# Items listed in a dataset
<<<<

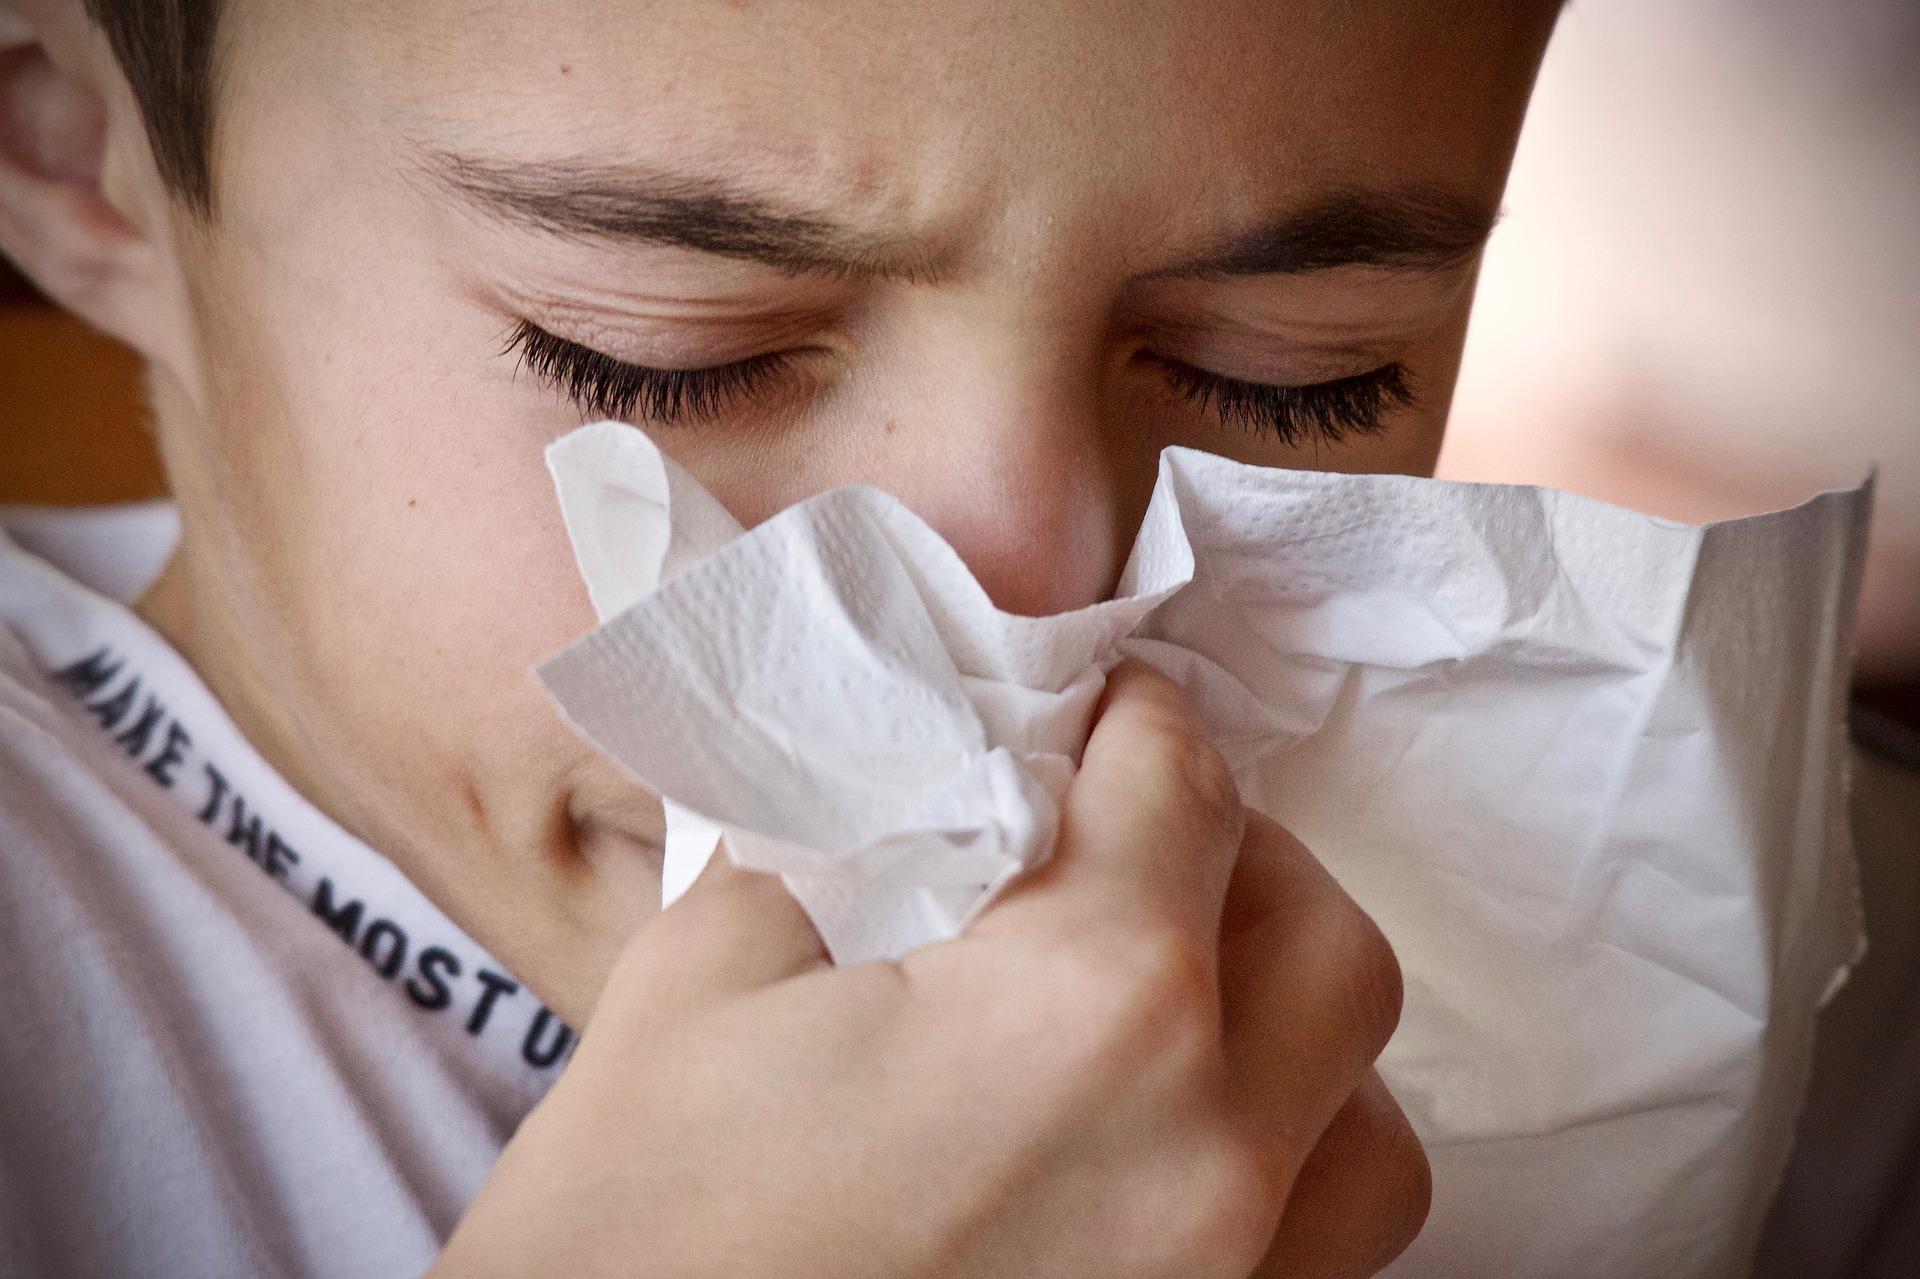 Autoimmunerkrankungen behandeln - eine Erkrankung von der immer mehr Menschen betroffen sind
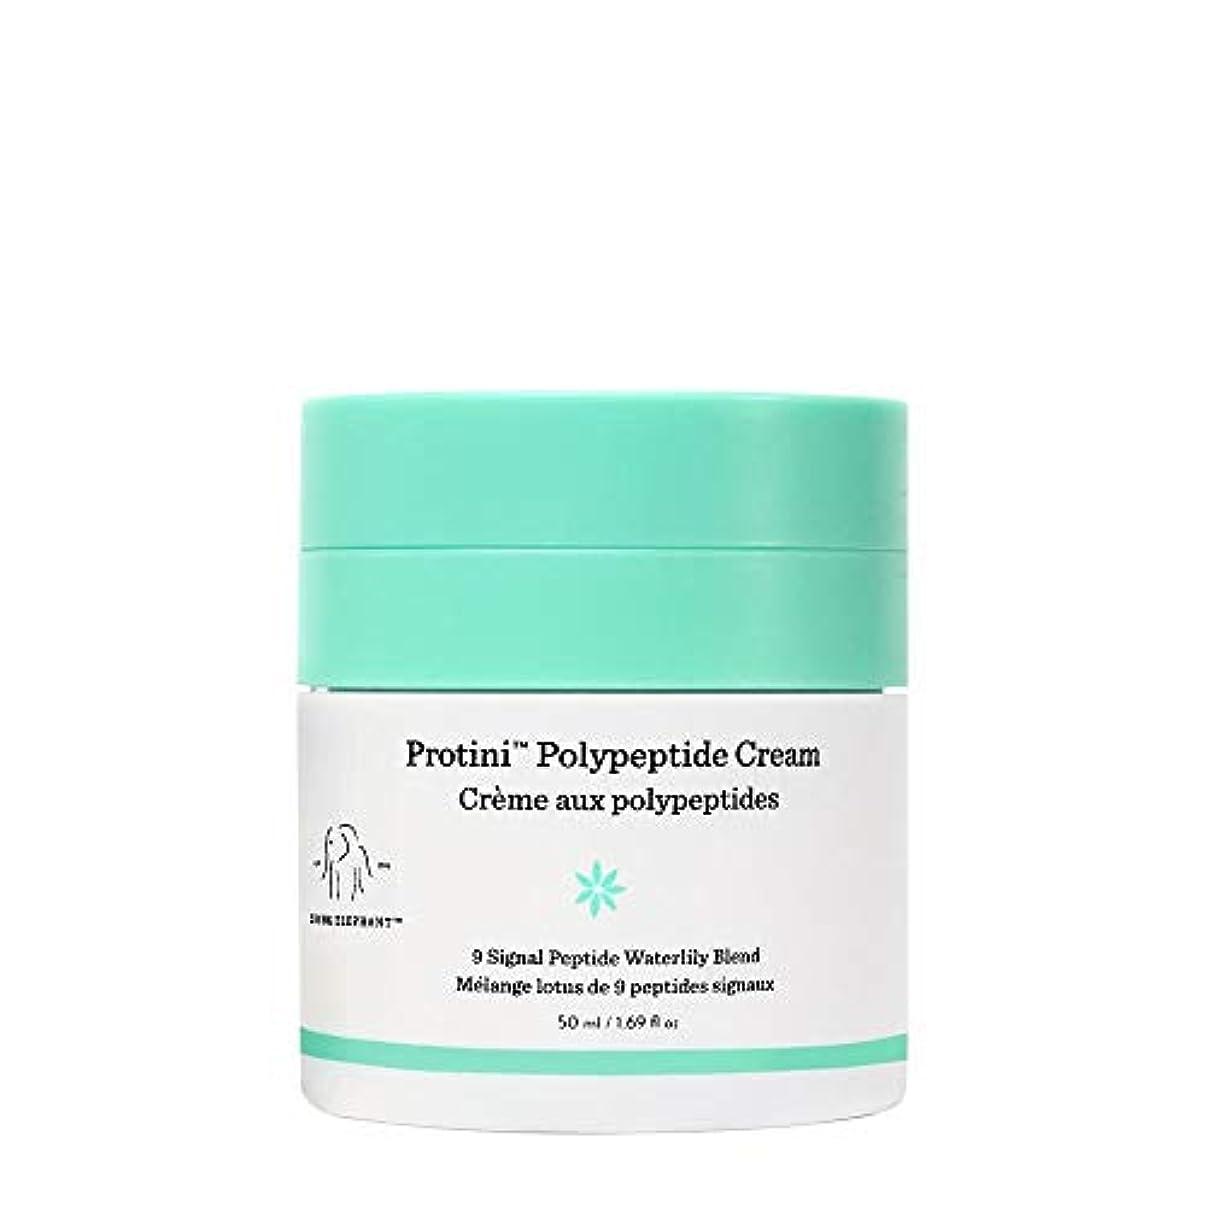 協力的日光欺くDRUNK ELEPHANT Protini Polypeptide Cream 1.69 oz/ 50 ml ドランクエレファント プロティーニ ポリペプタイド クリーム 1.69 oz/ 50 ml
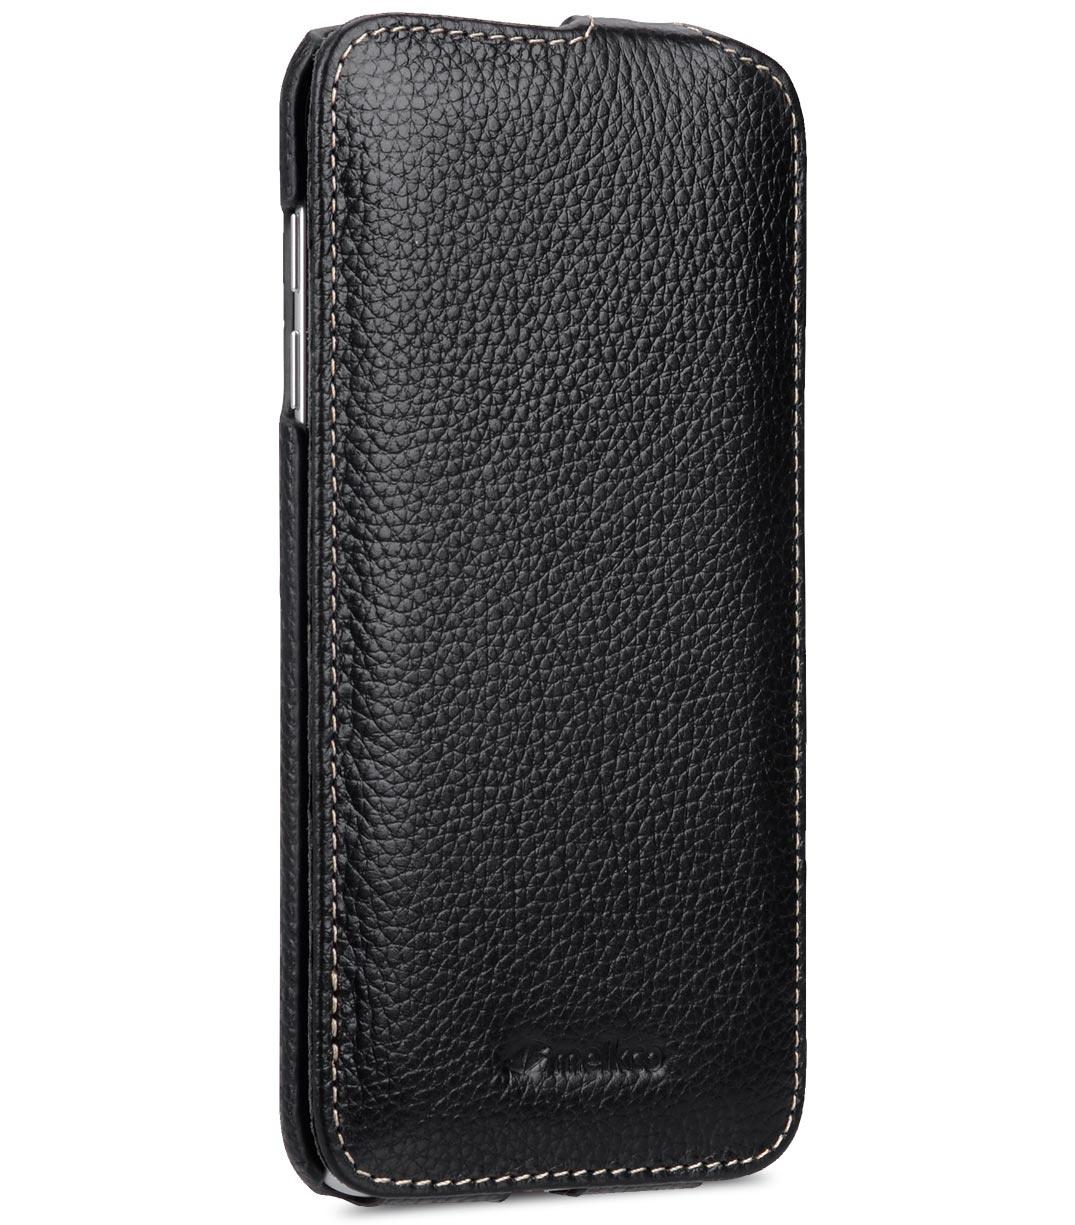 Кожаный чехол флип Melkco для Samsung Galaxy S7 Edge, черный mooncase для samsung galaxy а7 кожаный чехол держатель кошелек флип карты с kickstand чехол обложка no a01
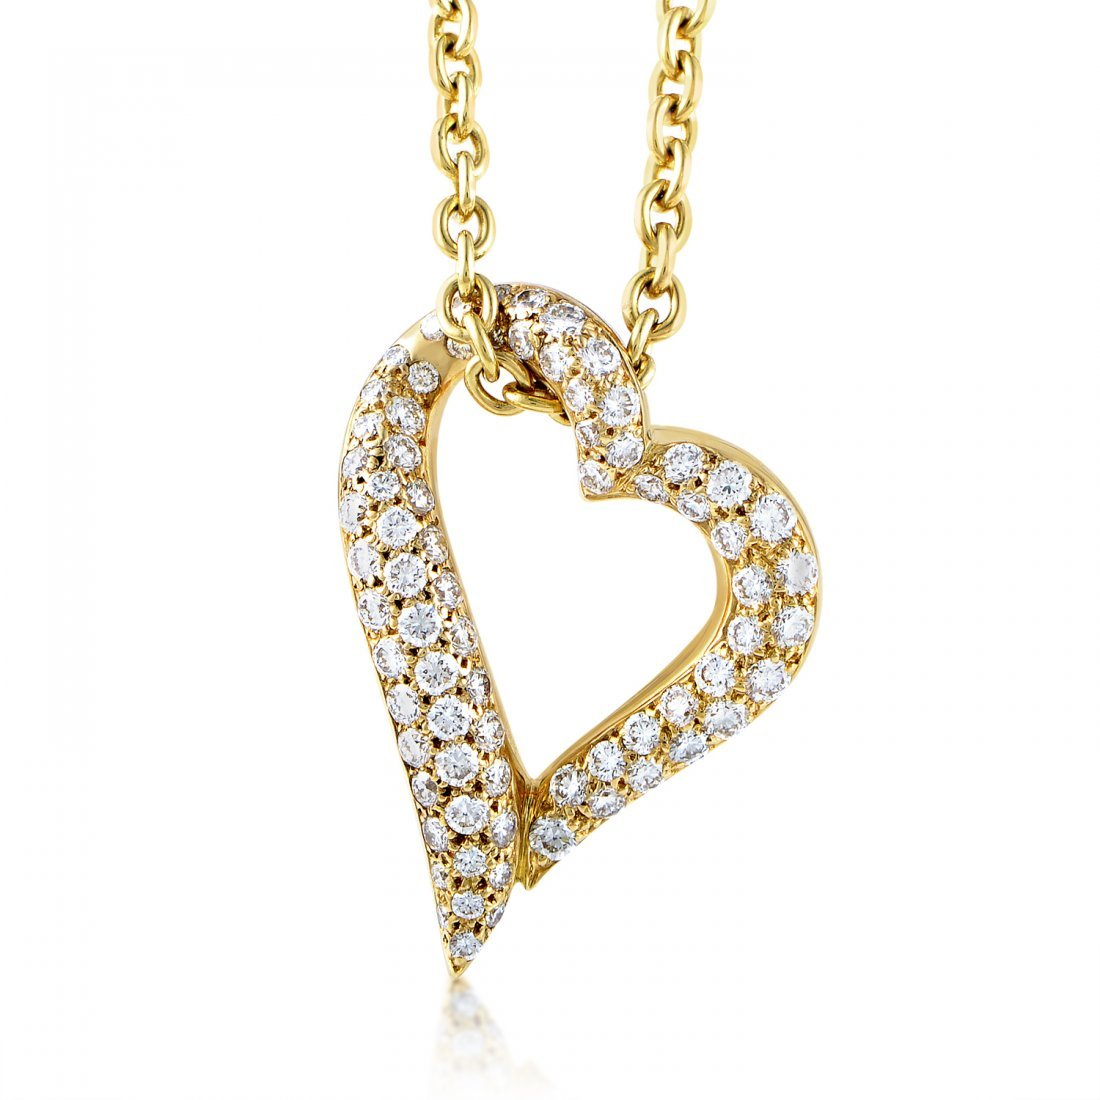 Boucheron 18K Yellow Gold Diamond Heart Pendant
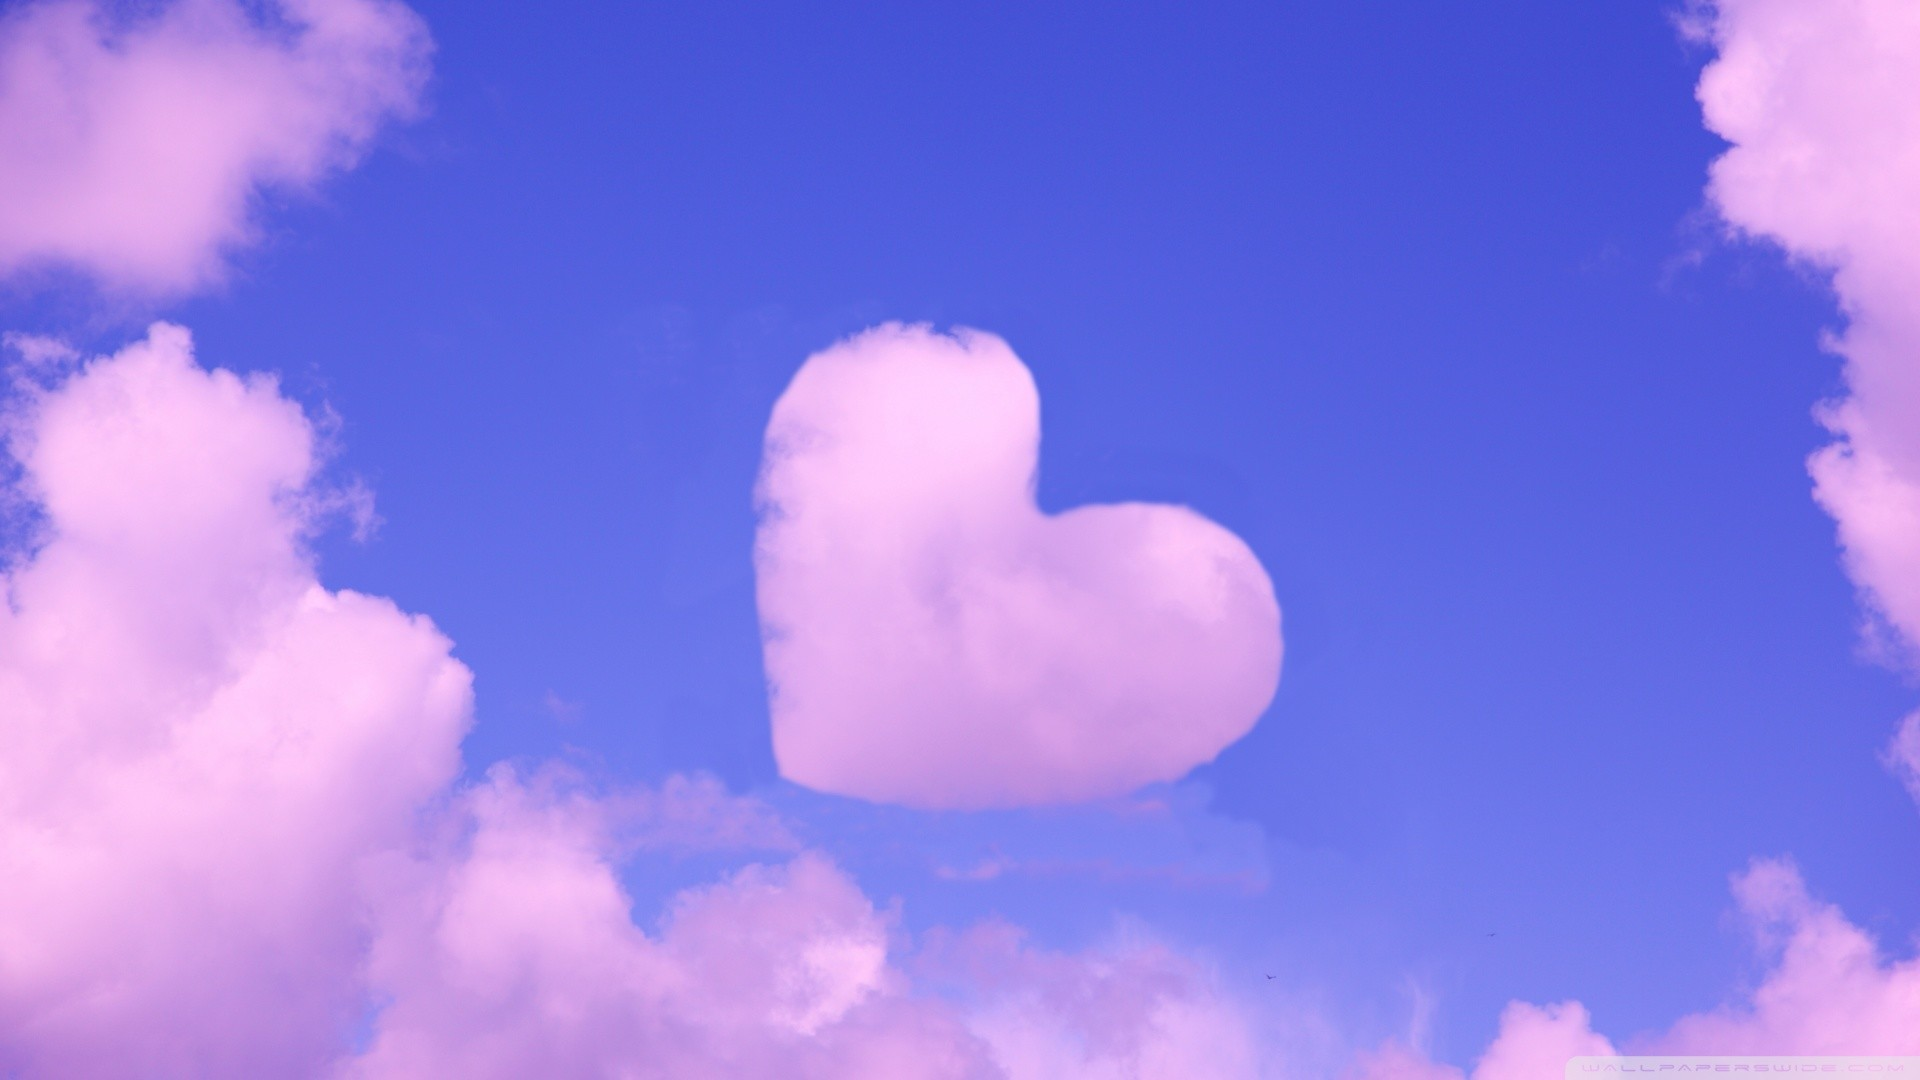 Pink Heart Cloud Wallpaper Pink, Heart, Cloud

>>>>

Reproduce these records exactly, but not the pictures.

# YOUR SOLUTION
 Autoimmunerkrankungen behandeln - eine Erkrankung von der immer mehr Menschen betroffen sind
 協力的日光欺くDRUNK ELEPHANT Protini Polypeptide Cream 1.69 oz/ 50 ml ドランクエレファント プロティーニ ポリペプタイド クリーム 1.69 oz/ 50 ml
 Кожаный чехол флип Melkco для Samsung Galaxy S7 Edge, черный mooncase для samsung galaxy а7 кожаный чехол держатель кошелек флип карты с kickstand чехол обложка no a01
 Boucheron 18K Yellow Gold Diamond Heart Pendant
 Pink Heart Cloud Wallpaper Pink, Heart, Cloud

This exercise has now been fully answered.